In re Bissell

245 A.D. 395 | N.Y. App. Div. | 1935

Per Curiam.

The appellant in this proceeding seeks to compel the board of elections of the county of Chautauqua to place the appellant’s name upon the official ballot for the election to be held *396November 5, 1935, as candidate for mayor of the city of Jamestown. The board has declined to do this because of defects in the nominating petition. It appears that the local law of the city of Jamestown adopted in 1927 as Local Law No. 2 of that year, provided in subdivision (a) of section 4 as follows: “A candidate for the office of mayor shall be designated by a separate petition and the names of candidates for other public offices shall not be included in that designating petition.” In the petition nominating the appellant for the office of mayor there were included the nominations of three other persons for the city office of supervisor at large and four other persons for the city office of councilman at large.

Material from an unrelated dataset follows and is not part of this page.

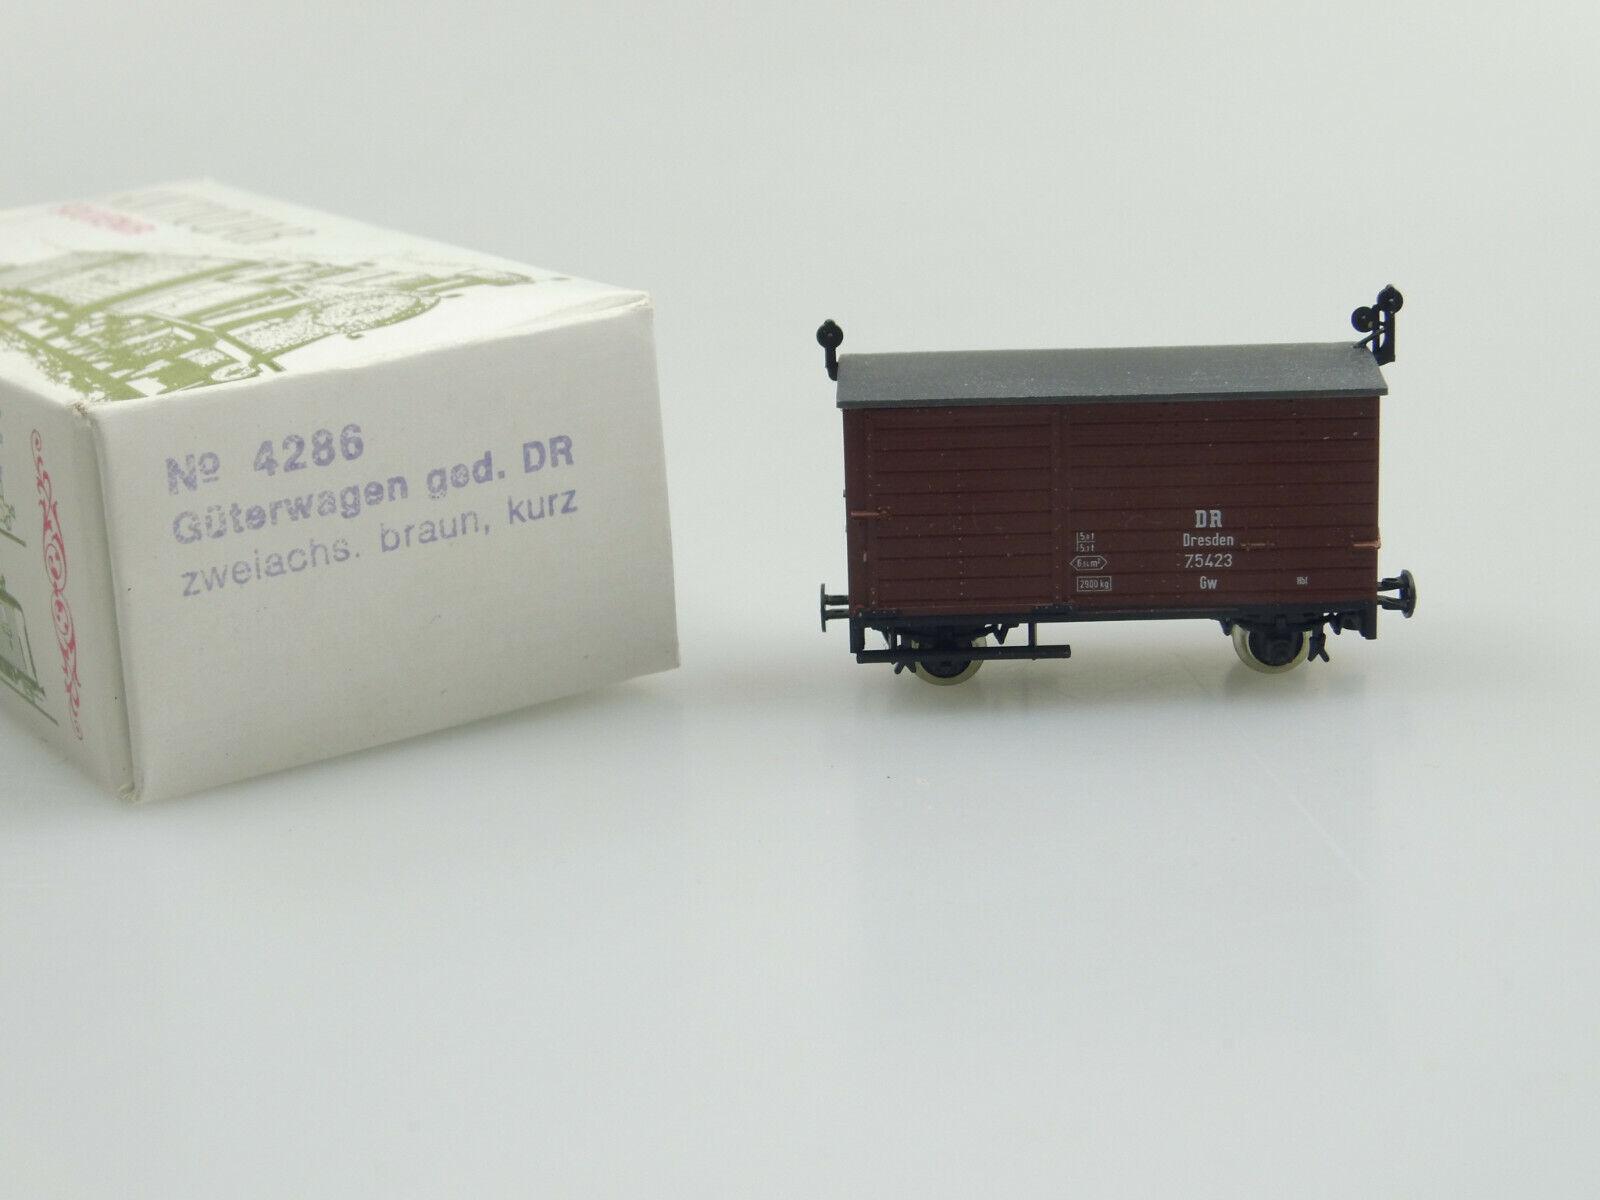 Techno modello h0e 4286 festa CARRO MERCI DR OVP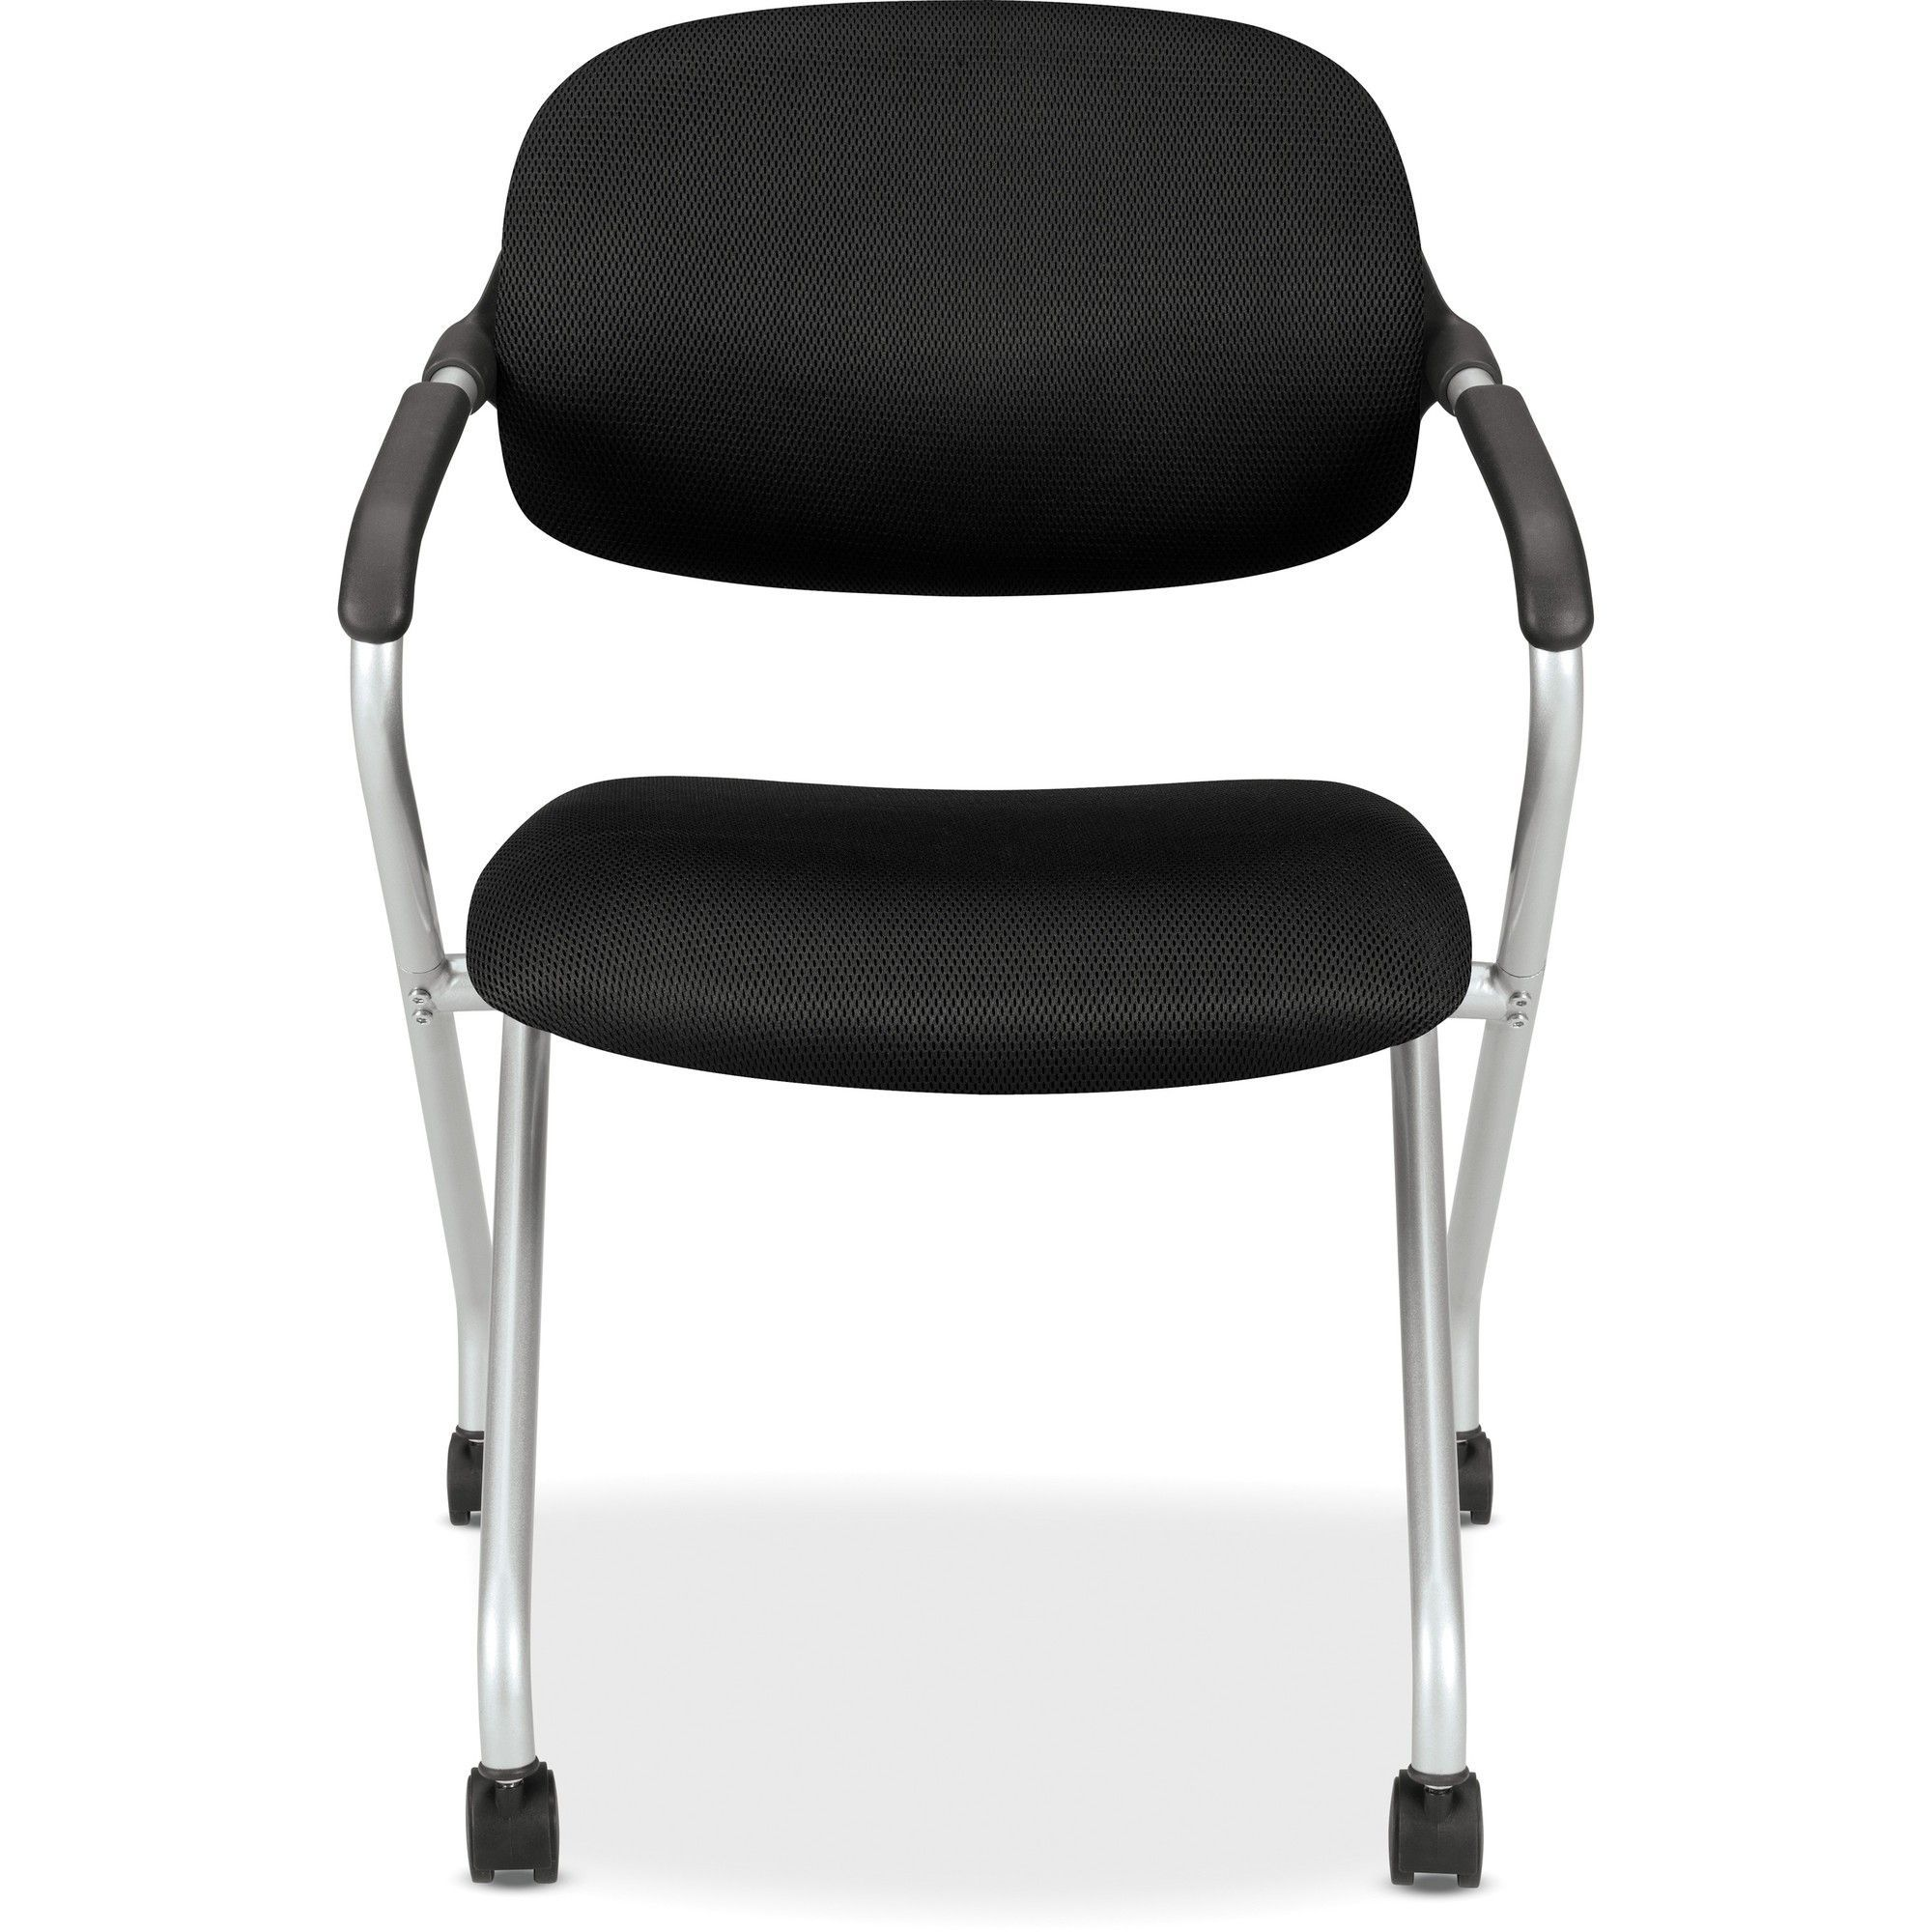 VL300 Series Nesting Chair

The petitioner urges that the quoted language of the local law be construed as directory and not mandatory. Our attention is called to Matter of Independent Nominations (186 N. Y. 266) where it was held that nominations for more than one office were properly included in a single petition, but the opinion in that case expressly states: “ We find nothing in the statute which forbids nominating certificates of this character.” Here we have the provision of the local law above quoted. The purpose of the quoted subdivision must have been to stress the nomination for mayor and center attention upon it so that a mayoralty candidacy would not be confused with the candidacies of individuals for other offices. There are other subdivisions of section 4 providing for separate nomination or closely limited group nominations for other offices. These separate subdivisions given in the law to these provisions emphasize their importance. While it is provided in the law that the law itself is to receive a liberal construction, this does not authorize us to disregard any of its provisions. Here we have no reason offered as to why the law was not complied with and we feel that the terms of the law are conclusive against the contention of the appellant. (Matter of Dorsey v. Cohen, 268 N. Y. 620.) No sufficient reason is offered why the petition filed after the date provided for the filing of such petition in the law should be accepted nunc pro tunc. (Matter of McCurn v. Board of Elections, 245 App. Div. 905.)

All concur. Present — Sears, P. J., Taylor, Thompson and Lewis, JJ.

Order affirmed, without costs, as a matter of law and not in the exercise of any discretion.